═══ Exercise data

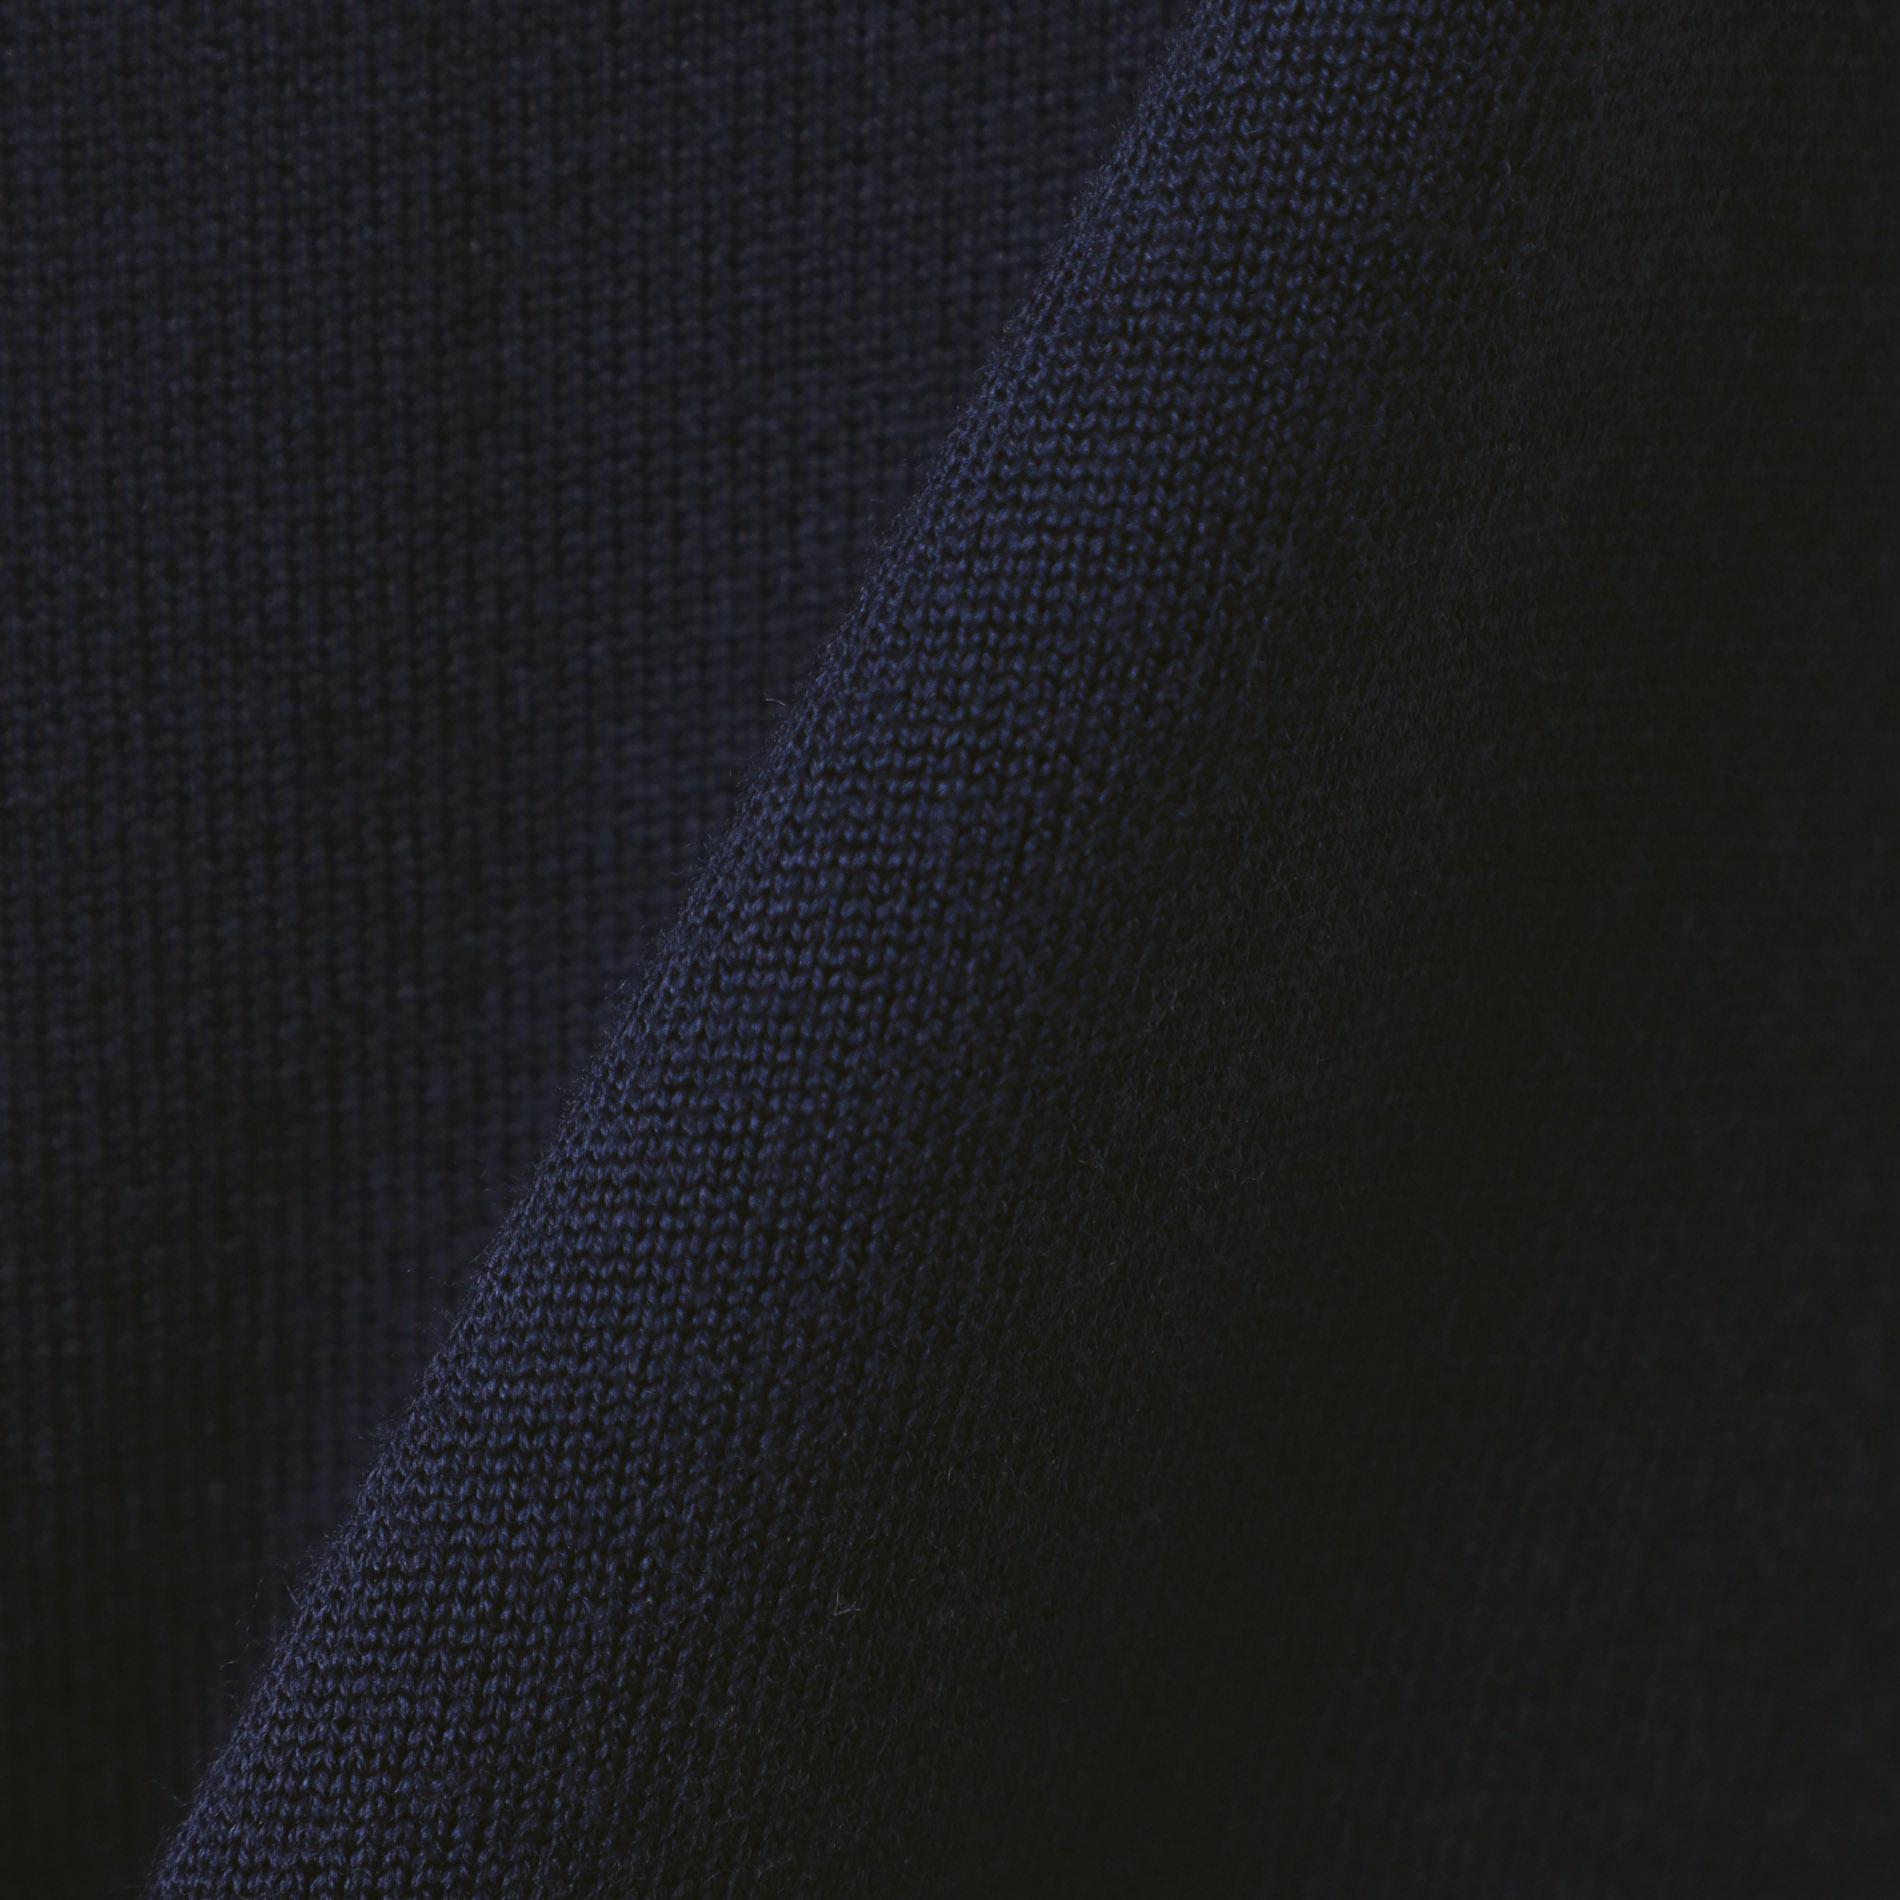 ダブルフェイスファインニットウールコート
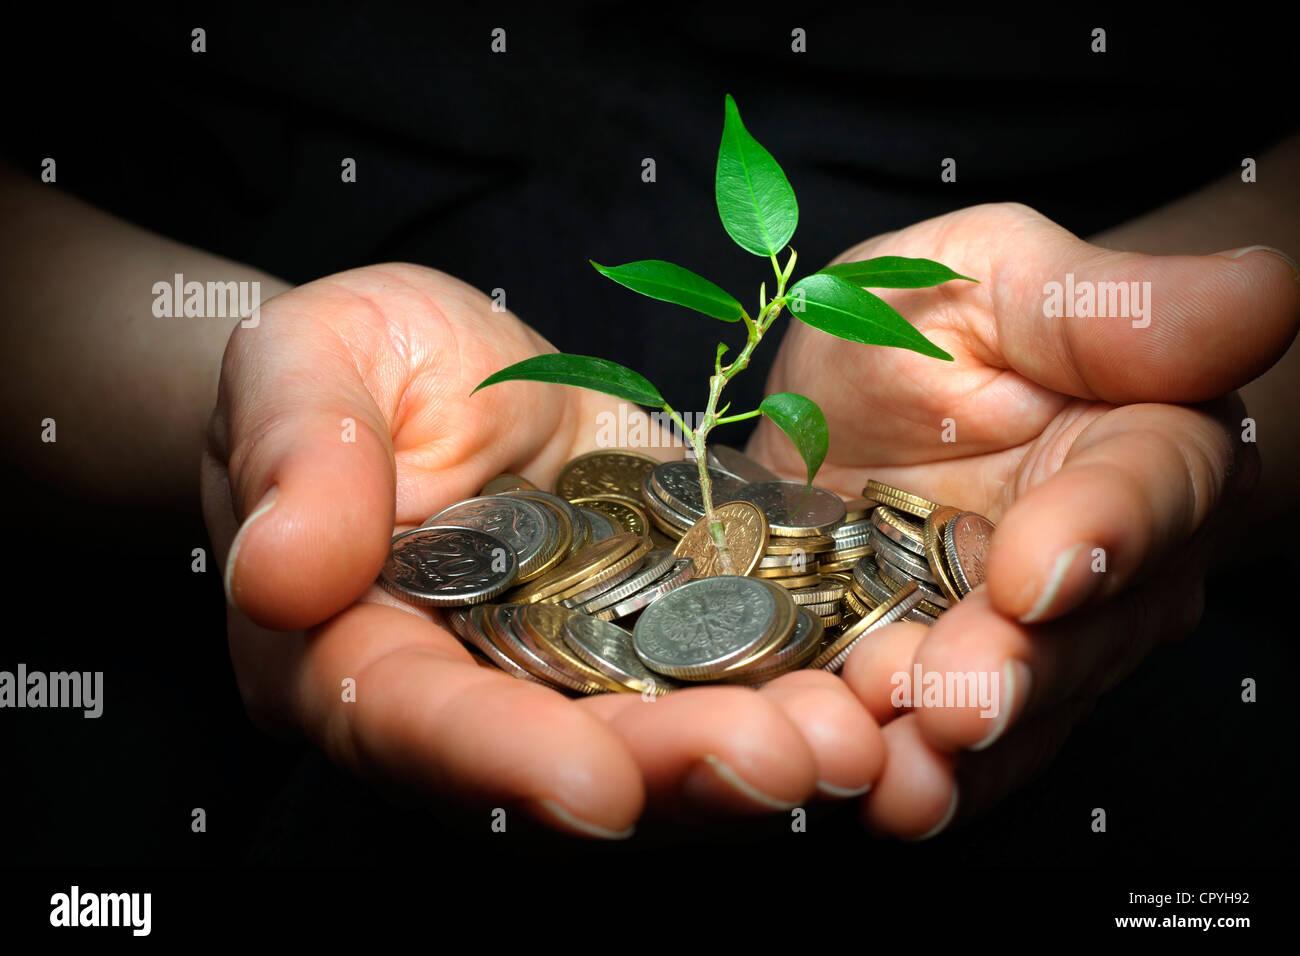 Imprenditore azienda impianto spuntano da una manciata di monete - buon investimento e il concetto di denaro Immagini Stock
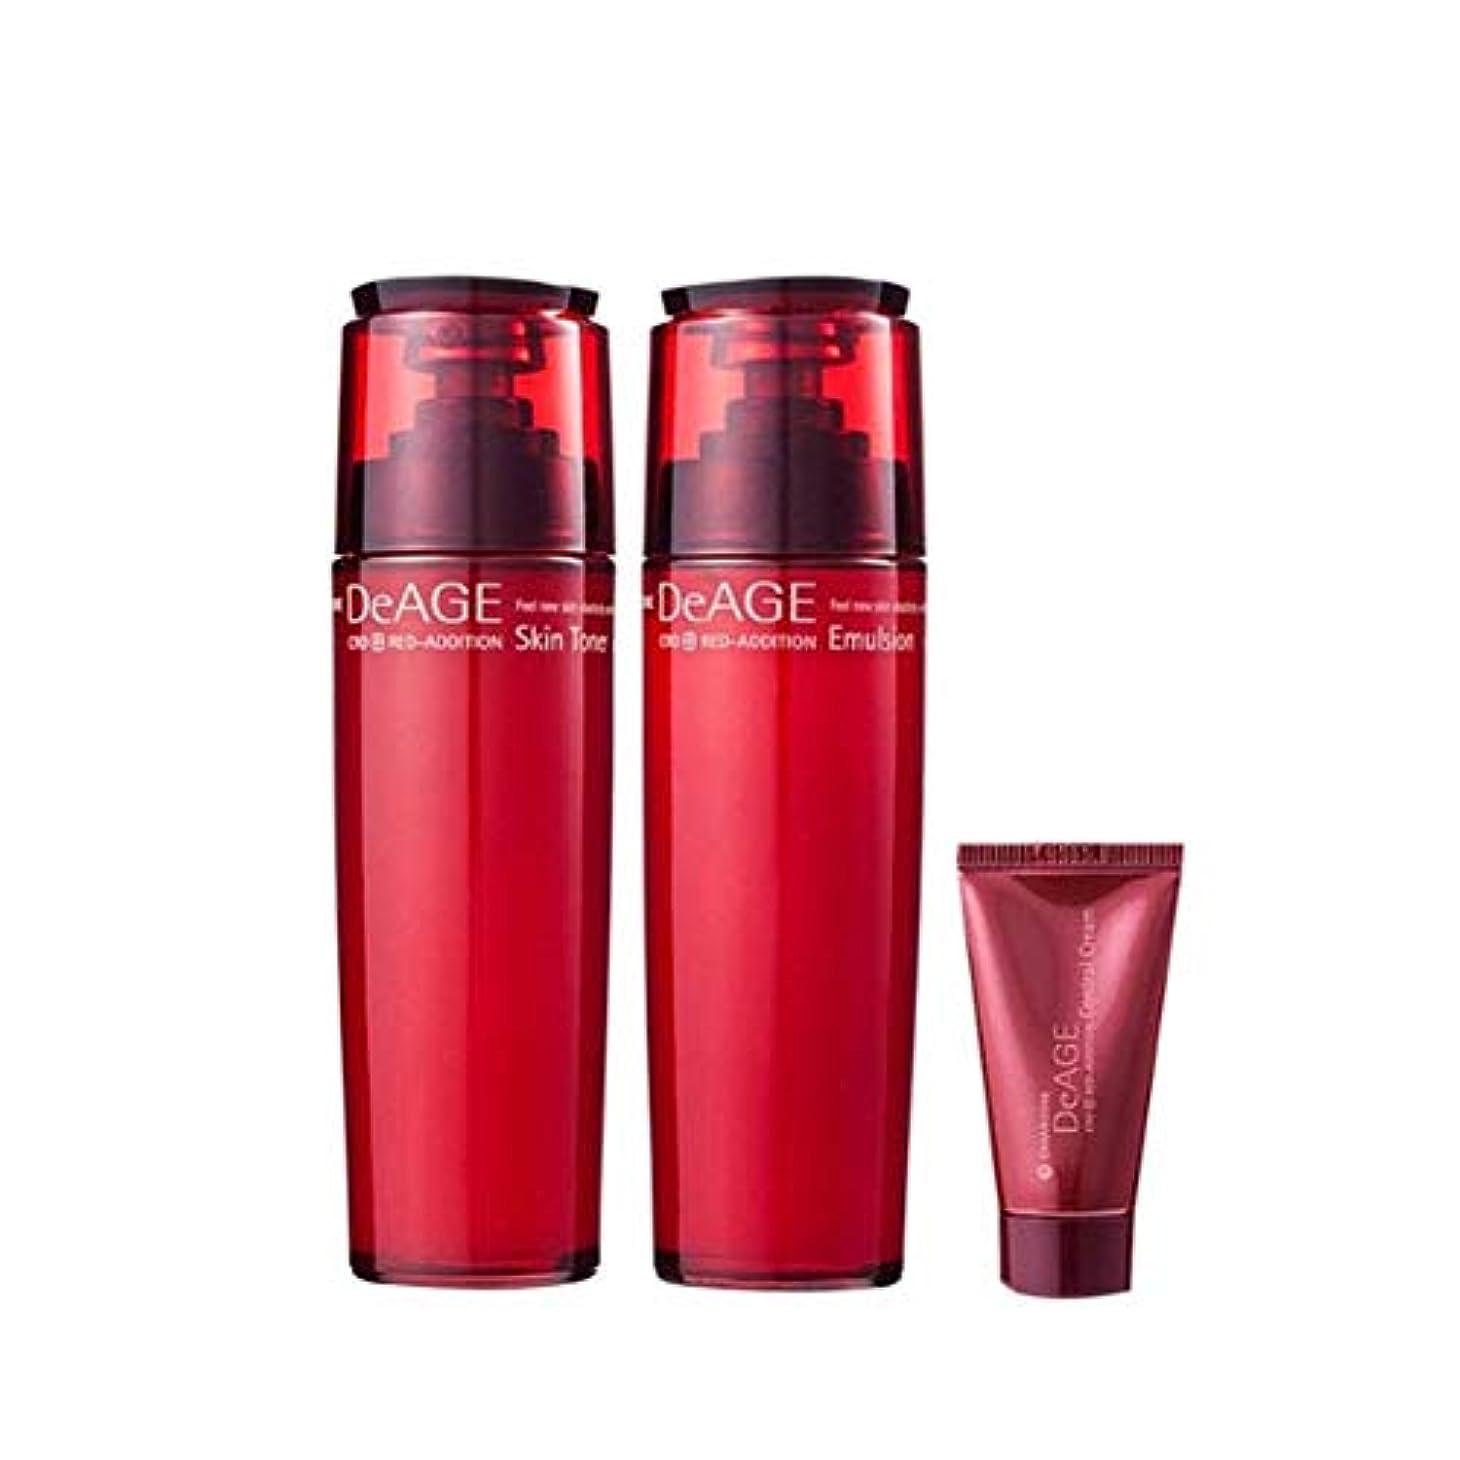 が欲しいクライマックス領事館チャムジョンディエイジレッドエディションセット(スキントナー130ml、エマルジョン130ml、コントロールクリーム15ml)、Charmzone DeAGE Red Addition Set(Skin Toner 130ml...

══════

__Aim of the task__. Where the material above includes pictures, omit them and retype everything else exactly.

__Solution to the exercise__.
 ダブルフェイスファインニットウールコート
 Imprenditore azienda impianto spuntano da una manciata di monete - buon investimento e il concetto di denaro Immagini Stock
 が欲しいクライマックス領事館チャムジョンディエイジレッドエディションセット(スキントナー130ml、エマルジョン130ml、コントロールクリーム15ml)、Charmzone DeAGE Red Addition Set(Skin Toner 130ml...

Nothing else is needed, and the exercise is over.